Чтобы шум мотора не привлекал внимания, я довел свой Велосолекс до поворота дороги, подавляя в себе желание повернуть назад, что казалось все более невероятным по мере того, как я отдалялся от дома. Все-таки совесть у меня была нечиста, хотя Жиф и сам стремился к этому: он мечтал о фильме-антифильме, о фильме — отрицании фильма, и он получил его, даже в еще более радикальном варианте: у него был фильм-больше-уже-не-фильм. Устроенное мной аутодафе стало апофеозом его эстетических воззрений, идеальным революционным актом и, вероятно, последним свидетельством о монго-аустенистском искусстве.
Стемнело, и луна, засев в засаде за густой завесой облаков, разливала чернильный свет на окрестные поля, вынуждая меня завести мотор, чтобы осветить себе путь. Операция выполнялась по всем классическим канонам, что отличает истинного профессионала.
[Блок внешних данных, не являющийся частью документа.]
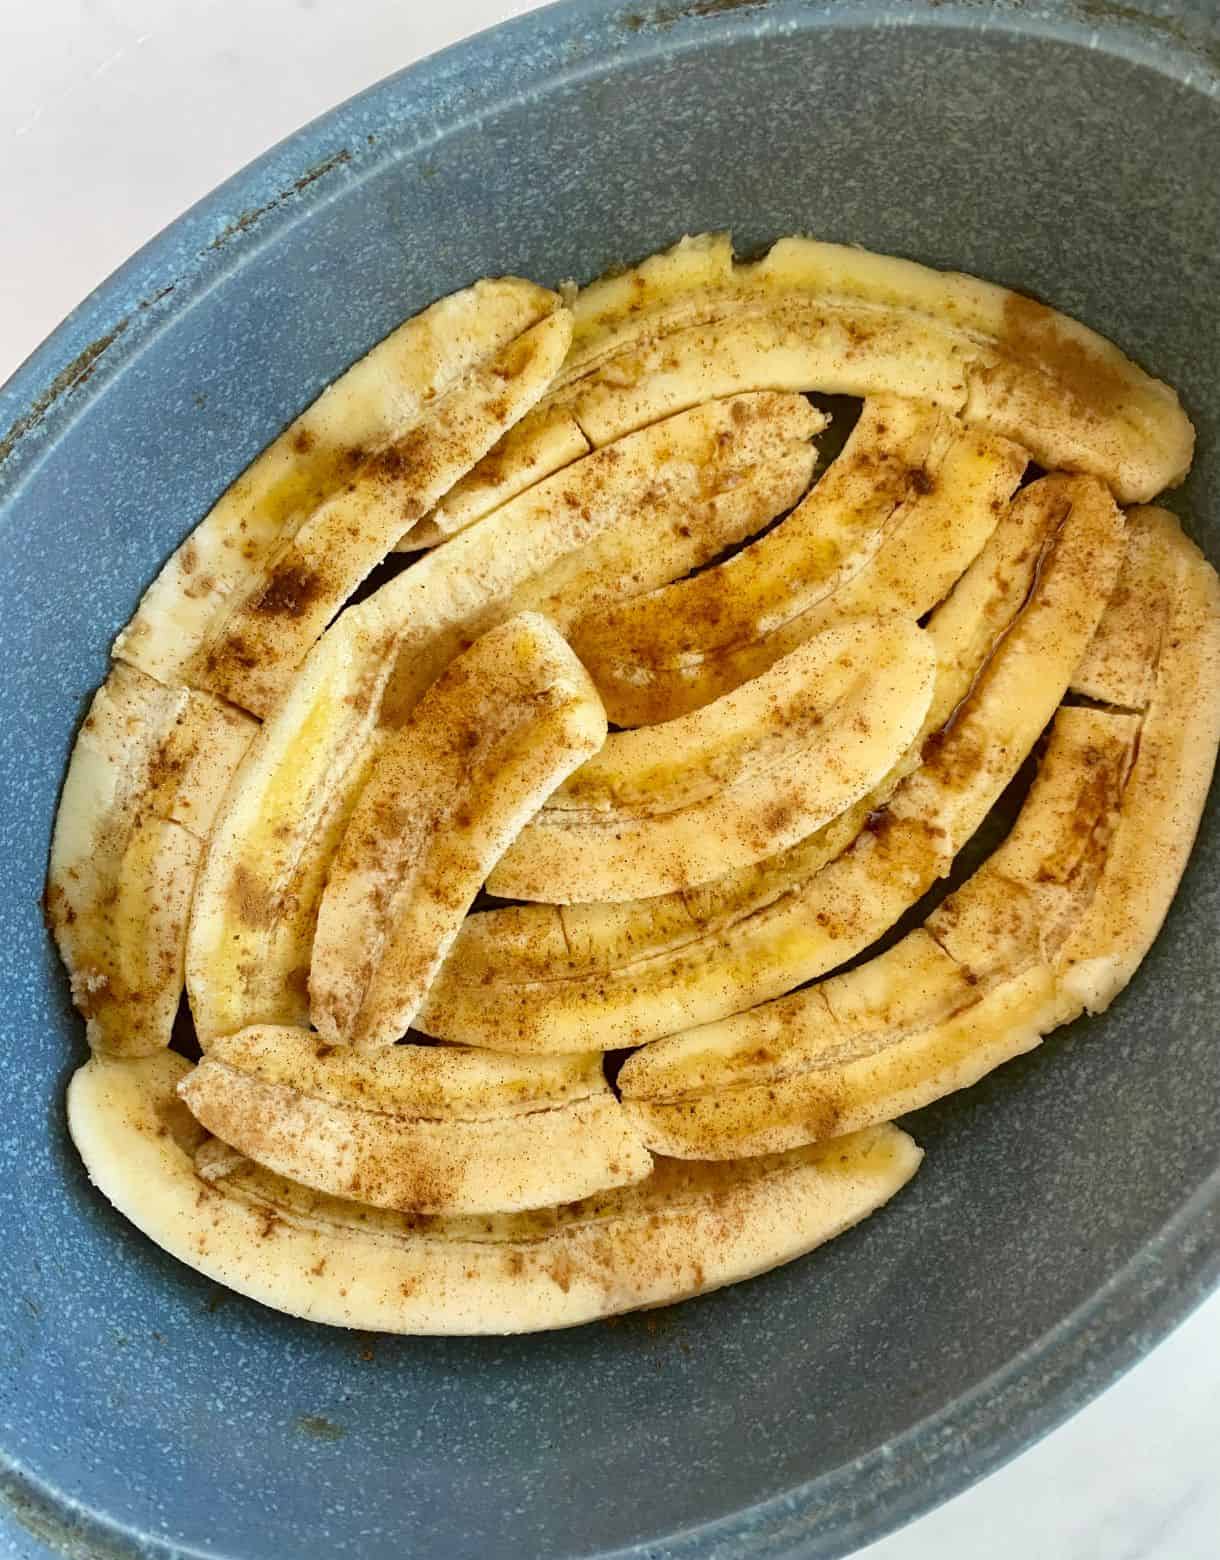 A dish with bananas sliced in half lengthwise then sprinkled with bourbon, vanilla and cinnamon and ready to go in the oven for Healthy Bananas Foster.

Вы бежите рядом со стрекочущей машиной, и когда мотор заводится, заскакиваете на треугольное седло. До сегодняшнего дня этот акробатический номер давался мне без труда. На сей же раз то ли из-за поспешного бегства, отъезда под покровом ночи, то ли из-за страха, что вот сейчас меня окликнут и потребуют объяснений по поводу новой версии Жанны, Иветты или Тео в огне, но переднее колесо вдруг вывернулось, велосипед резко затормозил, и я перелетел через руль. До самого приземления я ждал, что мой мозг, воспользовавшись полетом, прокрутит в ускоренном темпе весь фильм моей жизни в извлечениях — все ее яркие моменты. А я бы тогда узнал, какие ее эпизоды оставили самый глубокий след: не те, что я выбрал сам — смерть отца, траур, Фраслен, утопленница и другие мои невзгоды, — мне открылась бы ускользнувшая от меня деталь, которая повлияла на ход моей жизни, как камешек, что преграждает дорогу ручью у его истоков, и в результате Луара впадает в Атлантический океан, а не в Средиземное море. Но, очевидно, в моей жизни не произошло ничего значительного, о чем бы я ни знал, или ничего существенного, или не было желания снова пережить пережитое, а может быть, мой мозг работал на холостых оборотах. Но только со мной случился приступ амнезии, и этот ночной полет не принес ничего; и я коснулся земли, вернее, воды, потому что в канаве, куда я свалился, стояла дождевая вода и не пересыхала в ней, верно, никогда, кроме, разве что, засушливых лет, но на мое счастье нынешний год был не из таких, и оттого мое возвращение на землю было почти мягким.